Before we dive in, let's first understand why you would want to use a pipeline. Imagine you're building out a ML workflow that includes processing data, training a model, hyperparameter tuning, evaluation, and model deployment. Each of these steps may have different dependencies, which may become unwieldy if you treat the entire workflow as a monolith. As you begin to scale your ML process, you might want to share your ML workflow with others on your team so they can run it and contribute code. Without a reliable, reproducible process, this can become difficult. With pipelines, each step in your ML process is its own container. This lets you develop steps independently and track the input and output from each step in a reproducible way. You can also schedule or trigger runs of your pipeline based on other events in your Cloud environment, like kicking off a pipeline run when new training data is available.
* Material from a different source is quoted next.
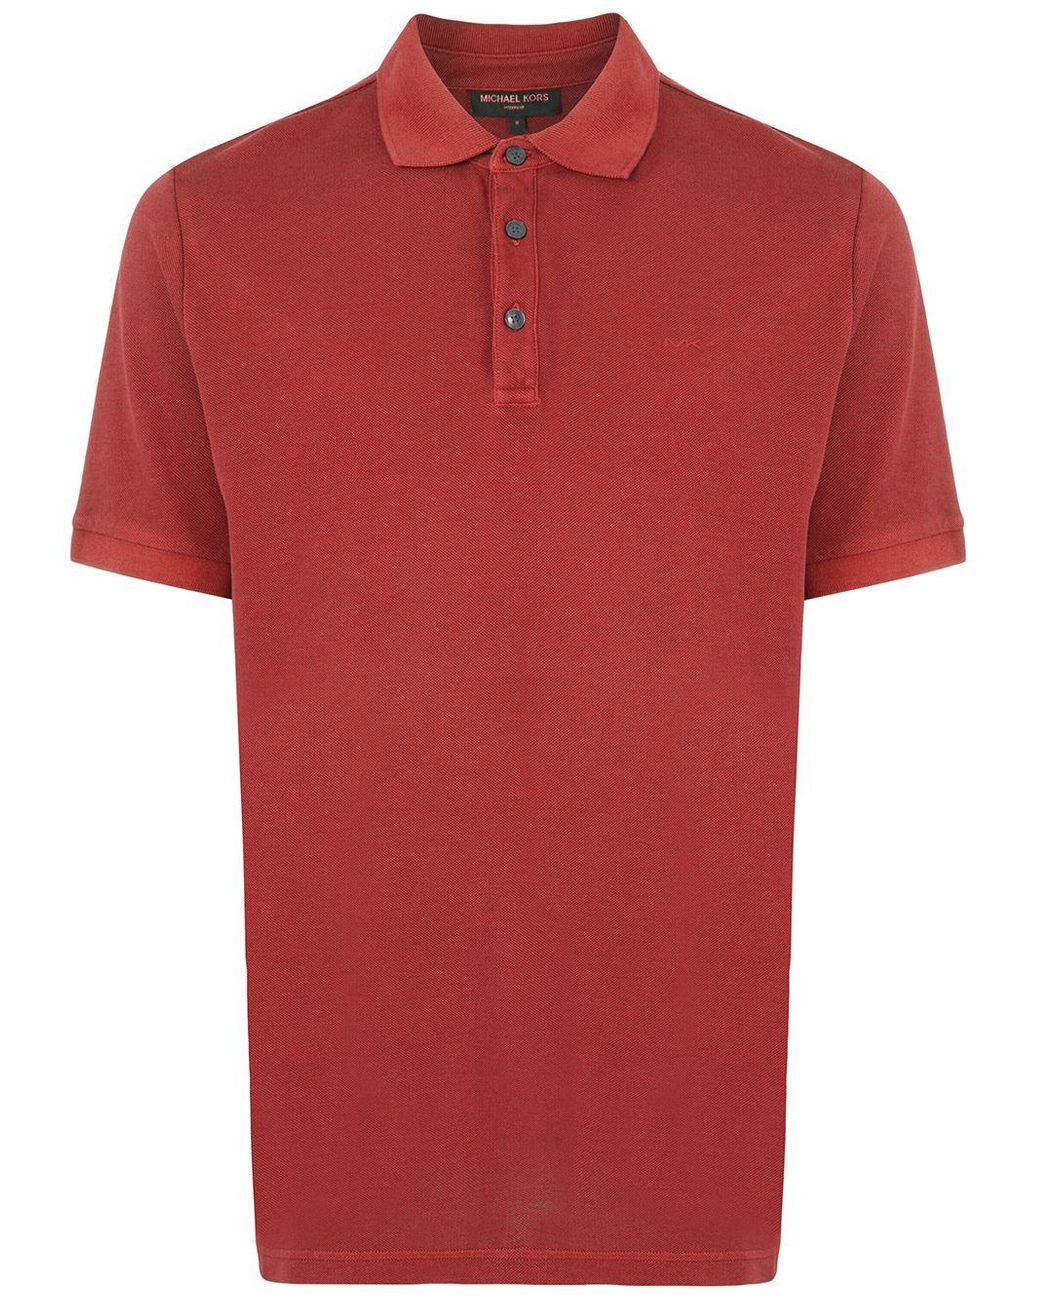 Michael Kors Cotton Classic Polo Shirt in Red for Men - Lyst

#### Vertex Pipelines setup

There are a few additional libraries we'll need to install in order to use Vertex Pipelines:

- __Kubeflow Pipelines__: This is the SDK we'll be using to build our pipeline. Vertex Pipelines supports running pipelines built with both Kubeflow Pipelines or TFX.
- __Google Cloud Pipeline Components__: This library provides pre-built components that make it easier to interact with Vertex AI services from your pipeline steps.

In [None]:
USER_FLAG = "--user"

In [None]:
# !pip3 install {USER_FLAG} google-cloud-aiplatform --upgrade

In [None]:
# !pip3 install {USER_FLAG} google-cloud-pipeline-components --upgrade

In [None]:
# !pip3 install {USER_FLAG} kfp --upgrade

In [None]:
'''
!pip3 install {USER_FLAG} google-cloud-aiplatform --upgrade
!pip3 install {USER_FLAG} kfp google-cloud-pipeline-components --upgrade
'''

In [None]:
'''
pip install --upgrade pip
'''

__Note:__ you may need to restart the kernel to use updated packages.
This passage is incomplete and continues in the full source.